Historically, low-end parts have managed to kill high-end parts by selling in
larger volumes and amortizing their fixed costs over a larger base. ARM sells
in huge volumes, but how is selling $1 embedded chips going to help them
amortize the cost of their high end stuff? Decades ago, doing that sort of
thing would helped Intel fill up their idle fab time while competitors like
DEC struggled to pay for their fabs, but ARM has never owned its own fabs, and
selling completely different low-end parts doesn't really help amortize the
cost of masks, post-silicon debug, etc. of their high end parts.

I'm also skeptical that ARM will retain its power:performance advantage if it
tries to scale up performance to match low-end mainstream Intel parts (e.g.,
core i3). The main reason ARM has better performance:power is that there are
diminishing returns to performance. Another is that Atom is a new product
line, and Intel doesn't have much experience trying to optimize for low-end
parts.

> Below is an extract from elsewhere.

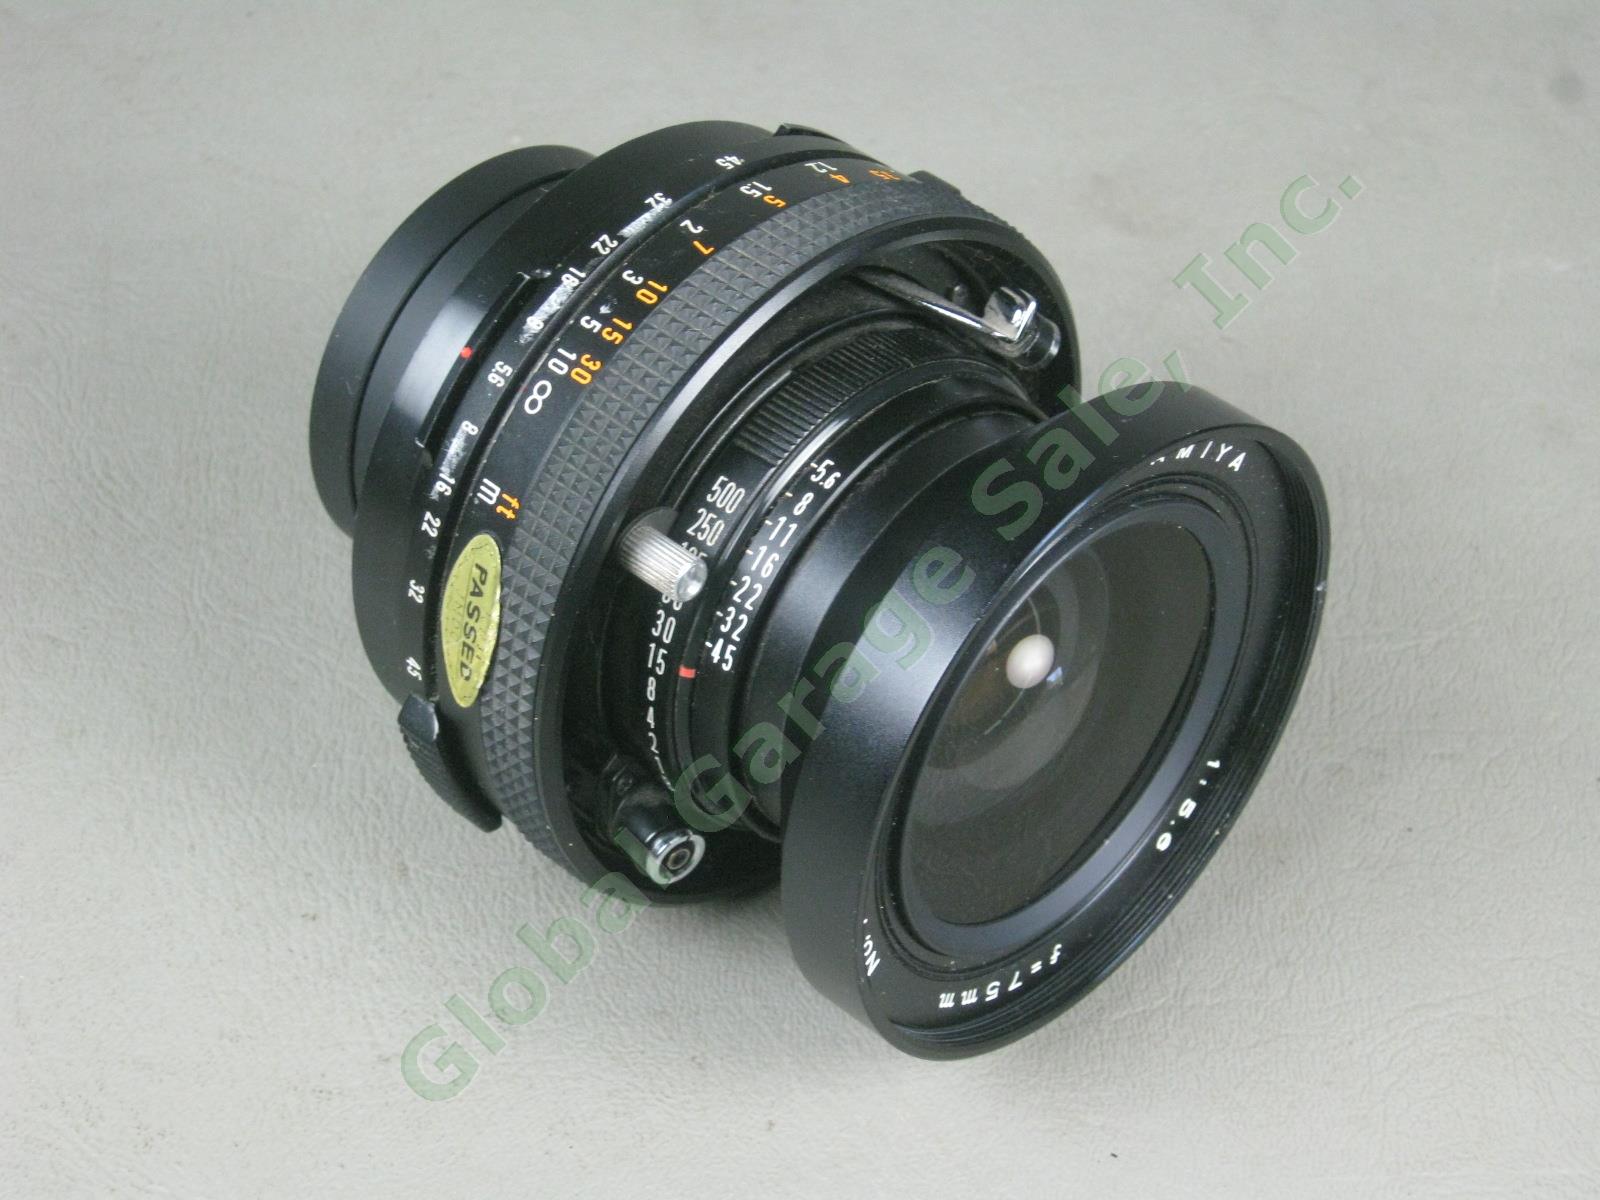 Mamiya 75mm f/5.6 1:5.6 Manual Focus Camera Lens For Polaroid 600 SE NO RESERVE!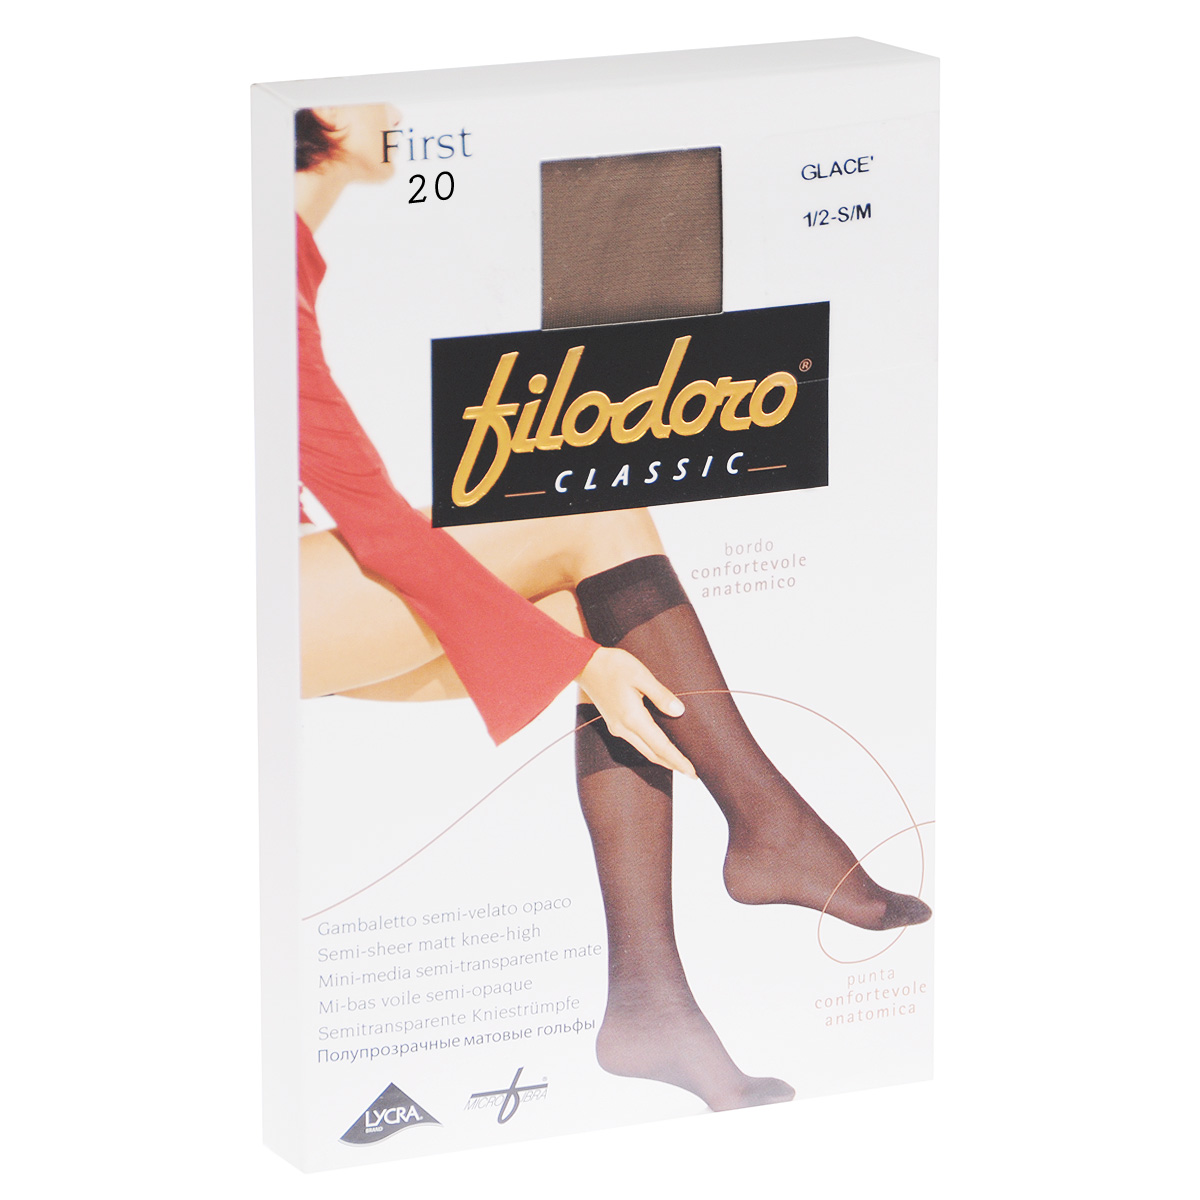 Гольфы женские Filodoro Classic First 20, цвет: Playa (телесный). C110303FC. Размер 3/4 (M/L)

That won't be true going forward. Yet another transient advantage ARM
has is that Intel uses a high performance process, but they've said that
they're going to have both a high performance and a power optimized process in
the future. If anything, Intel's process wizardry should give them an
advantage there, once they decide to push it. What other inherent advantages
does ARM have over x86? It's a PITA to decode x86 instructions, but the ARM
instruction set isn't very nice, either (e.g., look at how they ran out of
opcode space, and overlayed some of their "new" NEON instructions on top of
existing instructions by using unused condition codes for existing opcodes).

I wouldn't bet against ARM but, if they win, it will be because of the usual
reasons: better marketing, better business practices, and better engineering,
not because there's some inherent advantage that lets them be cheaper than
Intel. And, by the way, the configurability advantage you mention actually
hurts them in terms of cost, by increasing the fixed cost per part.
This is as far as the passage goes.